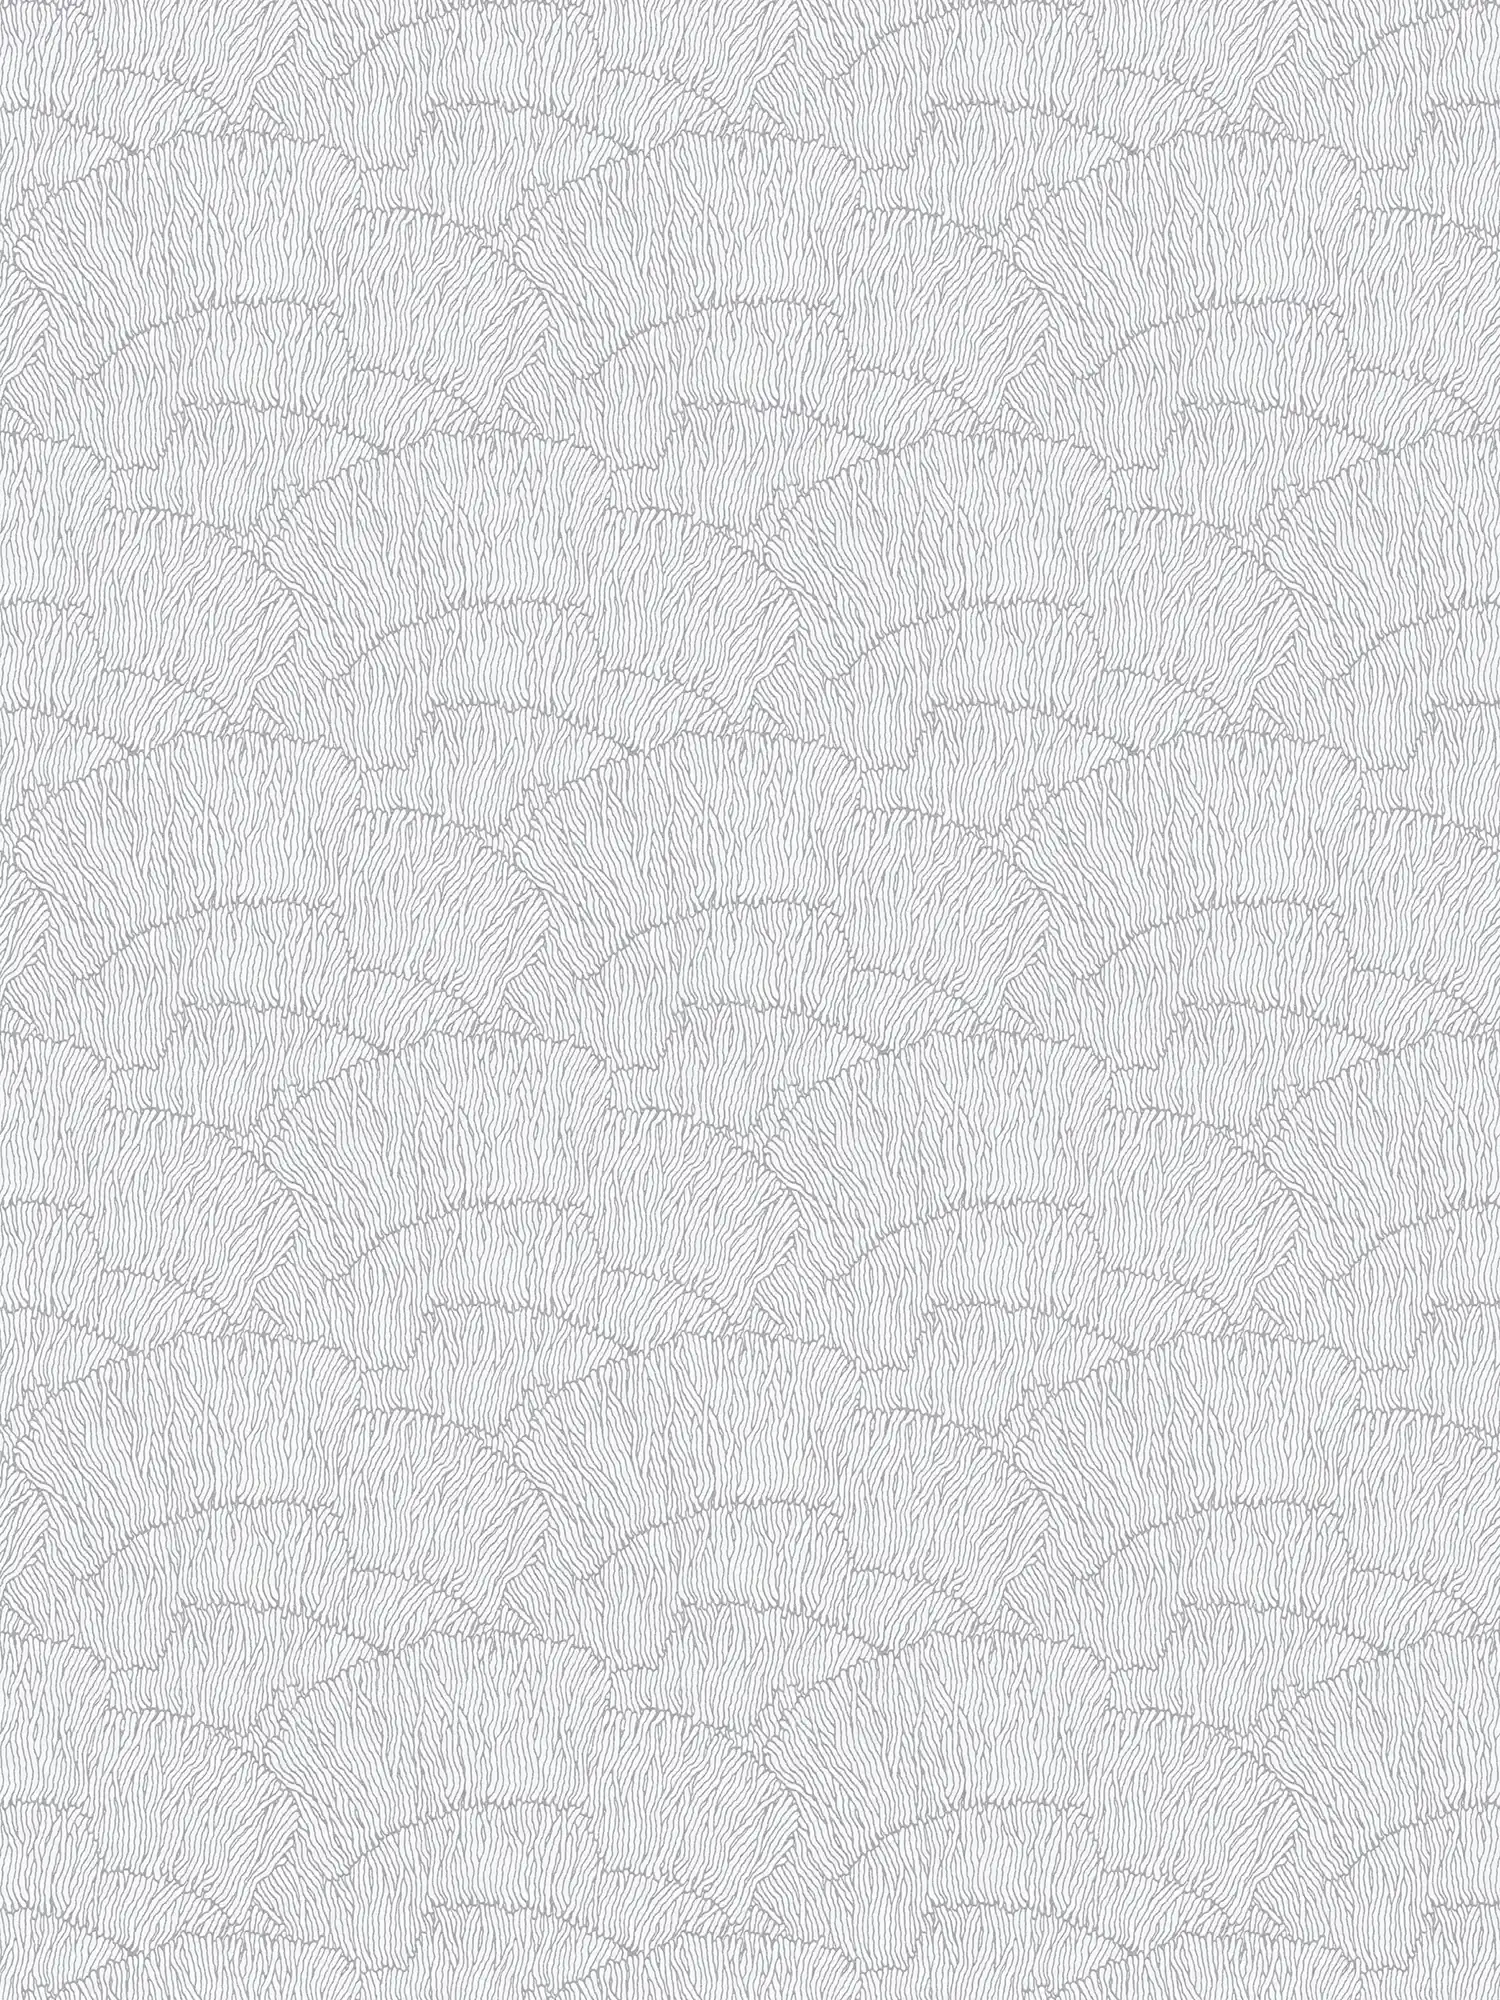 Vliesbehang met abstract patroon - zilver, wit, metallic
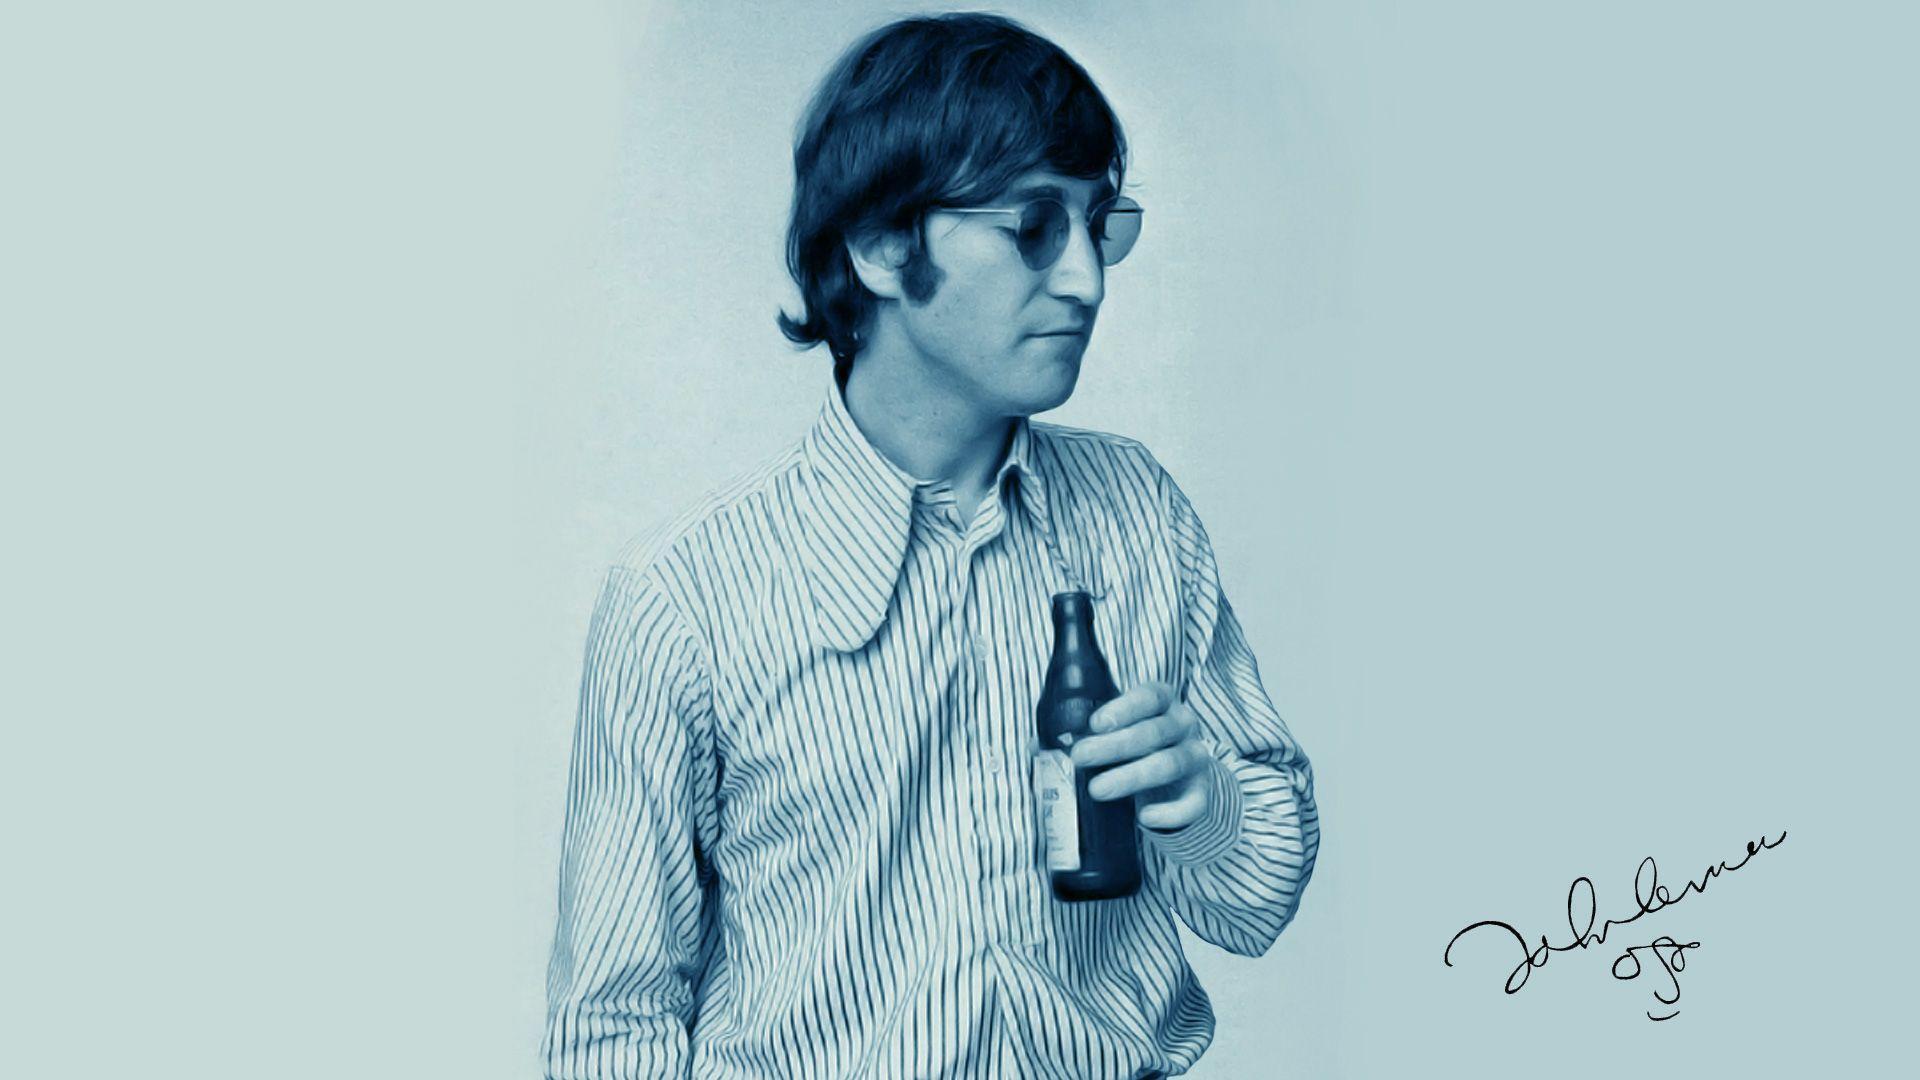 John Lennon 2013 wallpaper. High Quality Wallpaper, Wallpaper
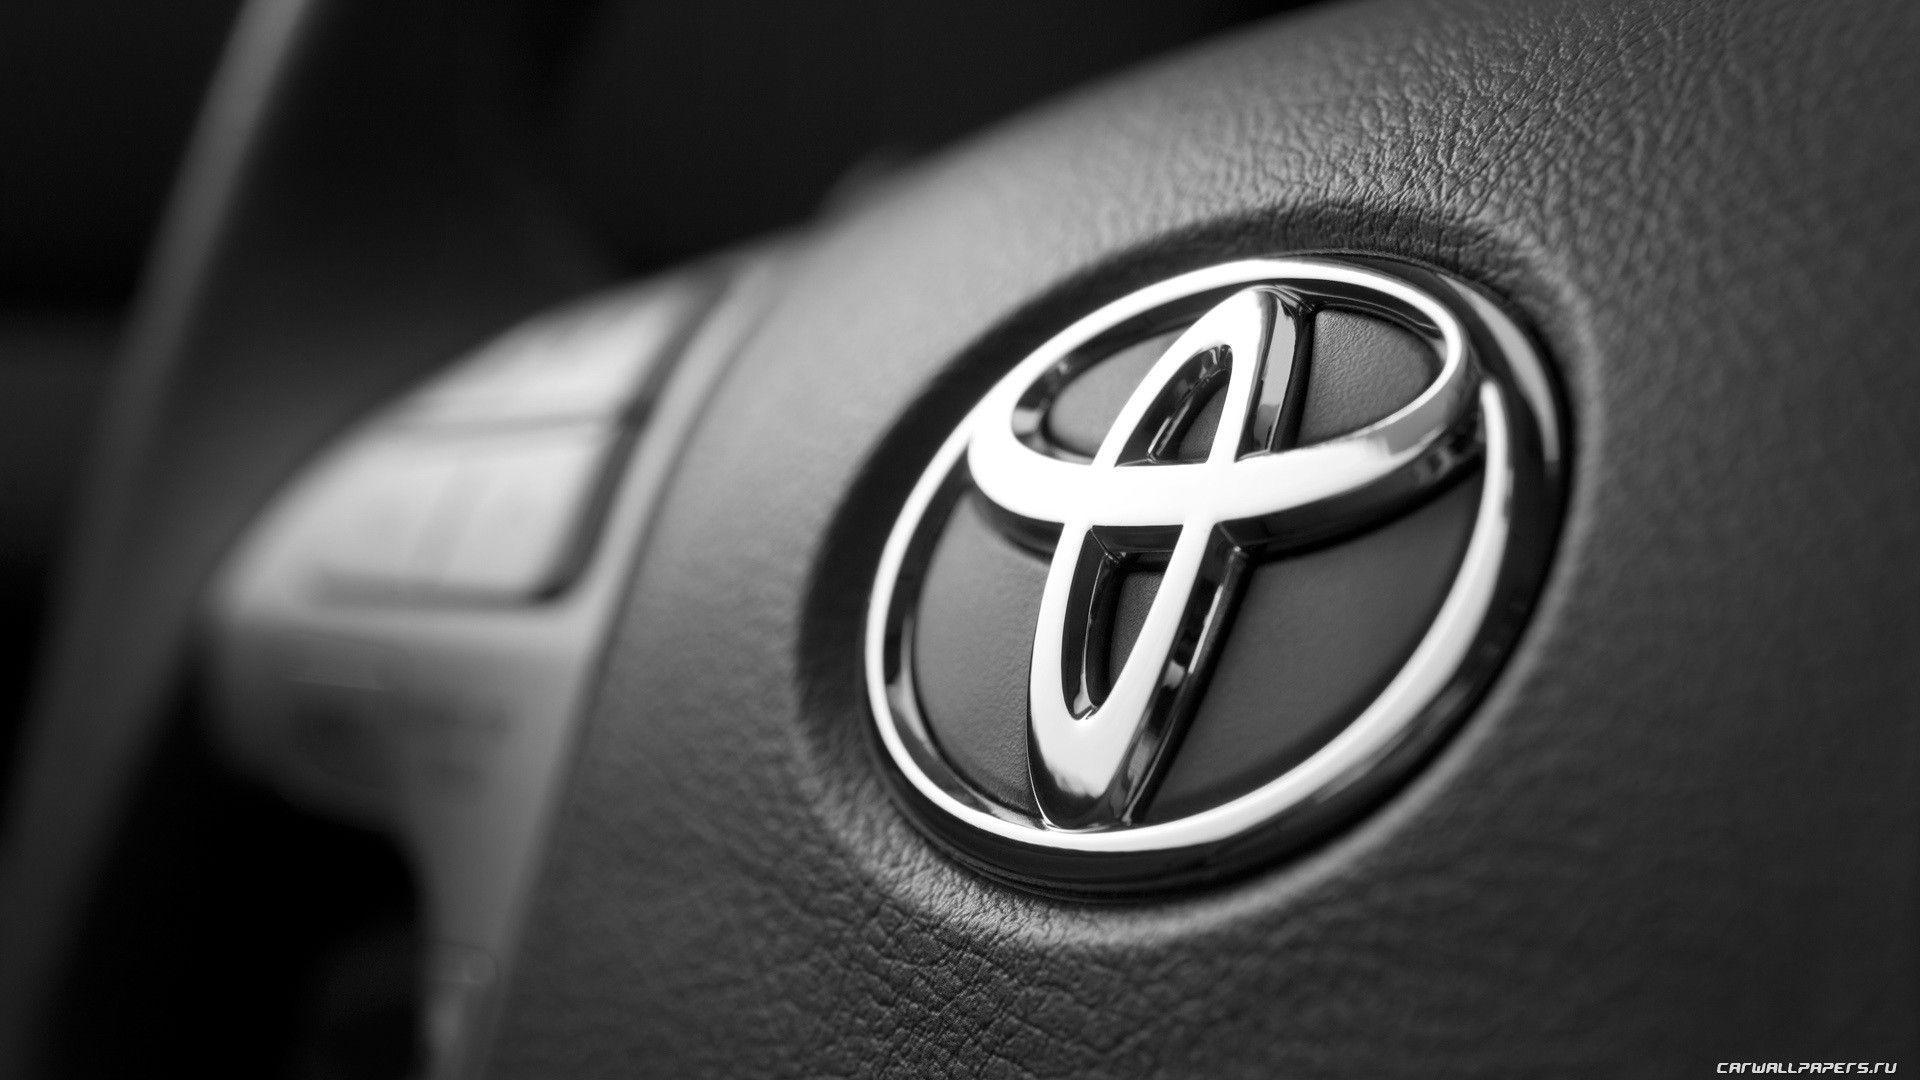 Toyota heya 2026an 10 cûre erebên elektrîkî hildiberîne

● YOUR INSTRUCTIONS: Only the lines from the one with "John Lennon 2013" through the final line of the data should be written out, exactly and including both ends. Skip the pictures.

● YOUR SOLUTION:
 John Lennon 2013 wallpaper. High Quality Wallpaper, Wallpaper
 Toyota heya 2026an 10 cûre erebên elektrîkî hildiberîne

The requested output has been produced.